SLR changes free up more of the banks balance sheets allowing for credit expansion.
The CLARITY ACT will get passed, giving the crypto regs so deserately needed for large scale adoption by banks, asset managers and businesses overall.
The Big Beautiful Bill then kicks in to goose the economy into the midterms. The entire system is now being geared toward a strong economy and strong market in 2026 for these elections.
China will continue to expand its balance sheet. Japan will work to strenghten the Yen, and also fiscally stimulate.
The ISM will rise as rates fall and tarrif uncertainty drops away.
You just need to get through the Window of Pain and The Liquidity Flood lies ahead.
Always remember the Dont Fuck This Up rules...and wait out the volatility. Drawdowns like this are common place in bull markets and their job is to test your faith.
BTFD if you can.
td:dr - When this number goes up, all number go up.
The Solana setup looks crazy right now.
Here's why:
17 treasury firms now hold 17.1M $SOL (nearly 3% of supply).
Forward Industries raised $1.65B to buy $SOL and deploy into Solana DeFi ecosystem.
Galaxy has scooped up $1.55B worth of SOL in 5 days.
Stablecoin inflows on Solana are exploding.

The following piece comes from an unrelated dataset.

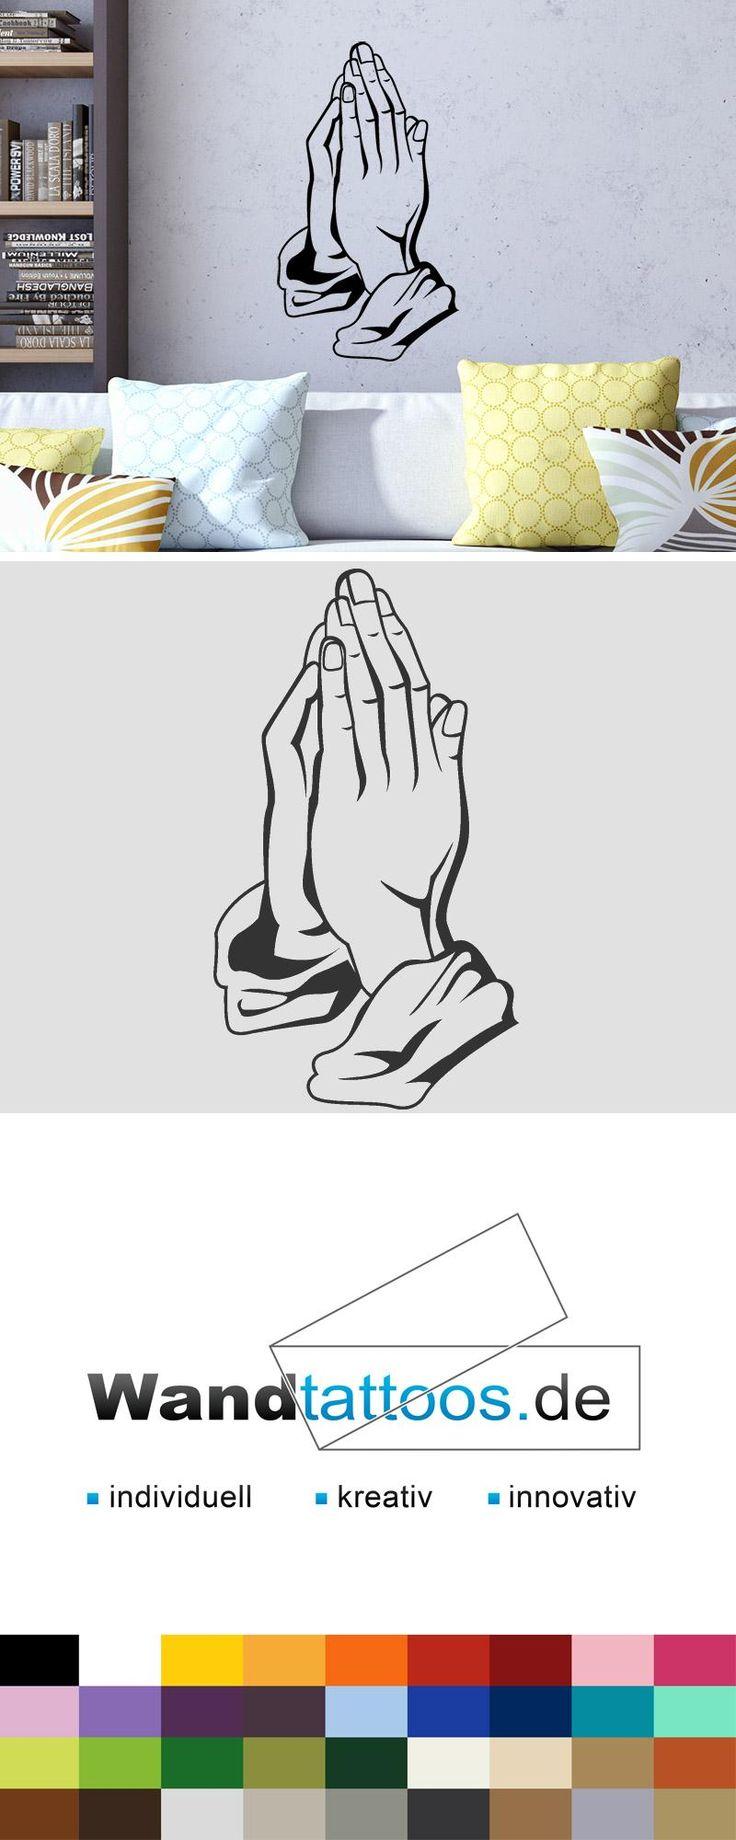 Wandtattoo Betende Hände als Idee zur individuellen Wandgestaltung. Einfach Lieblingsfarbe und Größe auswählen. Weitere kreative Anregungen von Wandtattoos.de hier entdecken!

All this activity suggests $SOL has plenty more to come in terms of price action.
Once it breaks $250, the longer-term target can be new ATHs above $294.
Here's a guide on how to spot Chinese-owned VPNs from @tomsguide.

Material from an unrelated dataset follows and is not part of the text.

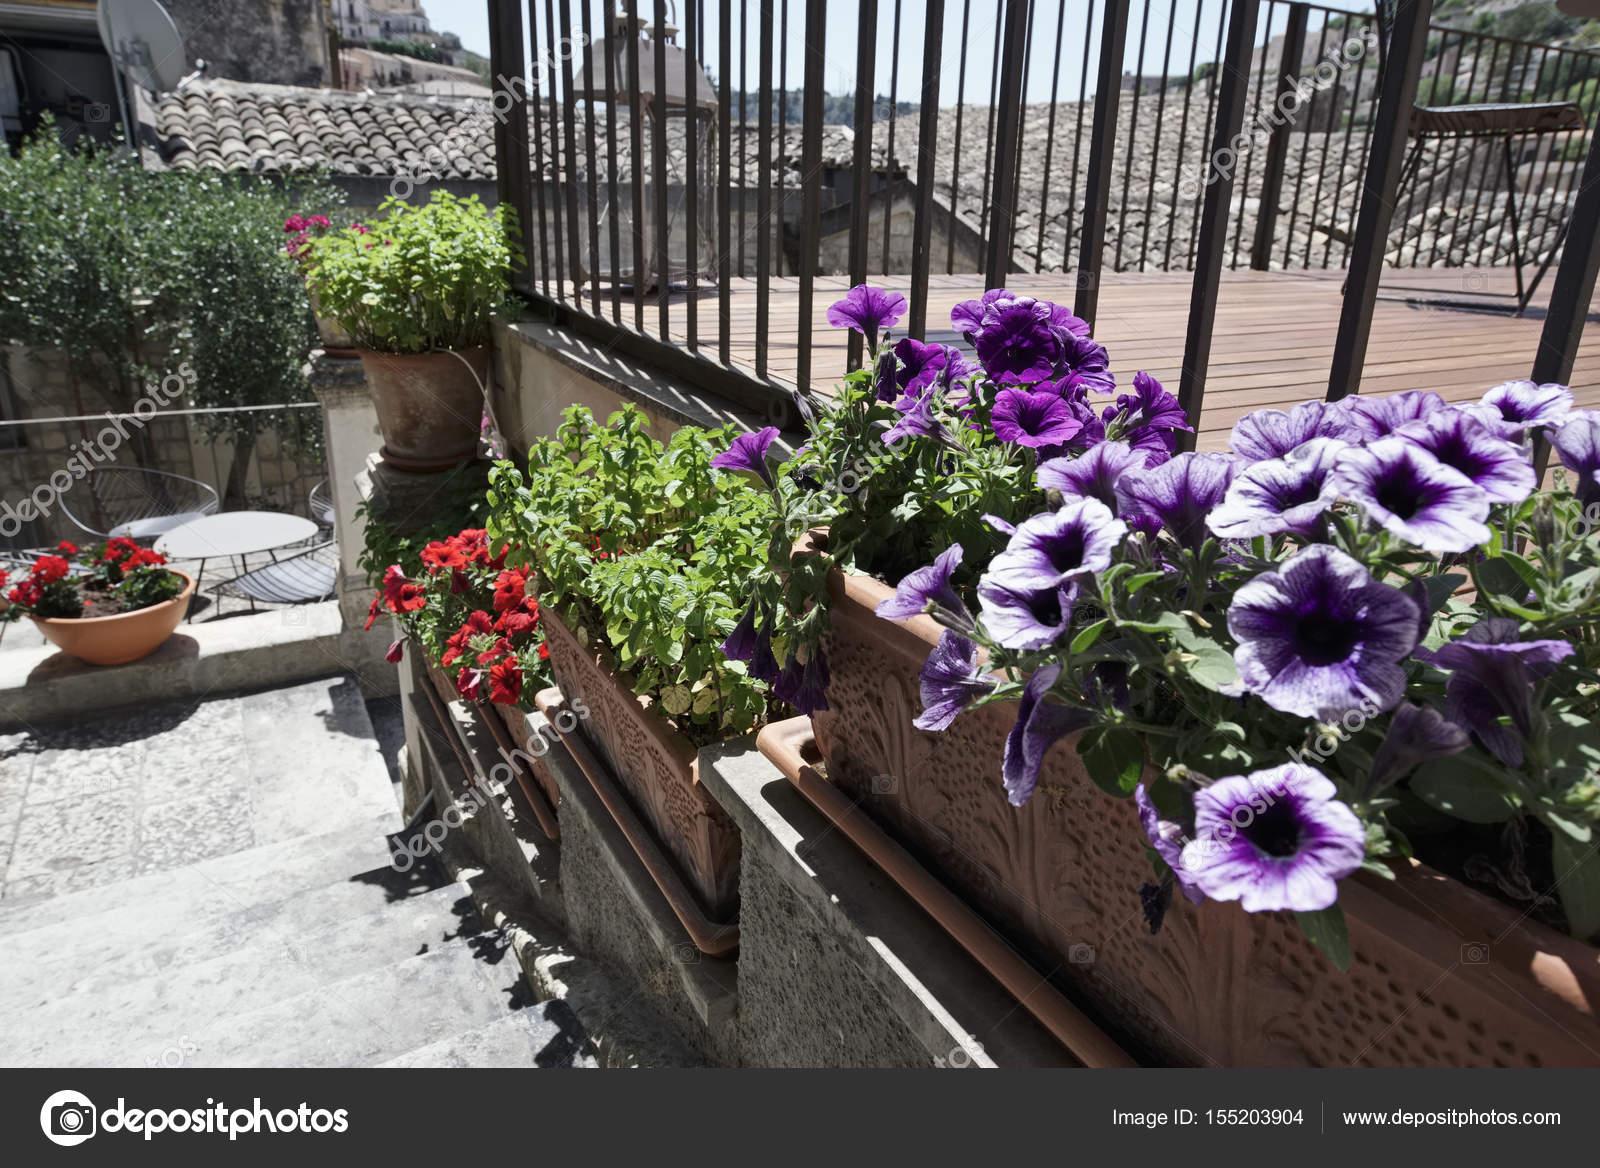 italien sizilien landschaft blumen und minze pflanzen in einem garten stockfoto. Black Bedroom Furniture Sets. Home Design Ideas

TLDR: If you've never heard of them and they're called something along the lines of "VPN Fast Proxy", "Turbo VPN", "Thunder VPN", etc... it's most likely compromised.
https://t.co/XkeTmkBmy3
the goal with #crypto investing should not be to make billions. Or even hundreds (or tens) of millions. What are you going to do with that kind of money? That's just silly.
No, the goal is (or should be) just enough to allow freedom. Complete control over your time, independent of financial considerations.
For some ppl, as little as 200k could provide that.
#perspective #KeepItReal
No paper BTC conspiracies are required. The price has stalled because a number of whales have hit their magic number and are unloading. This is healthy - their supply is finite and their selling is required for the full monetization of Bitcoin.
Massive blocks of supply, with enormous purchasing power, are being distributed into the population.
This cycle is one of the greatest monetization events in history.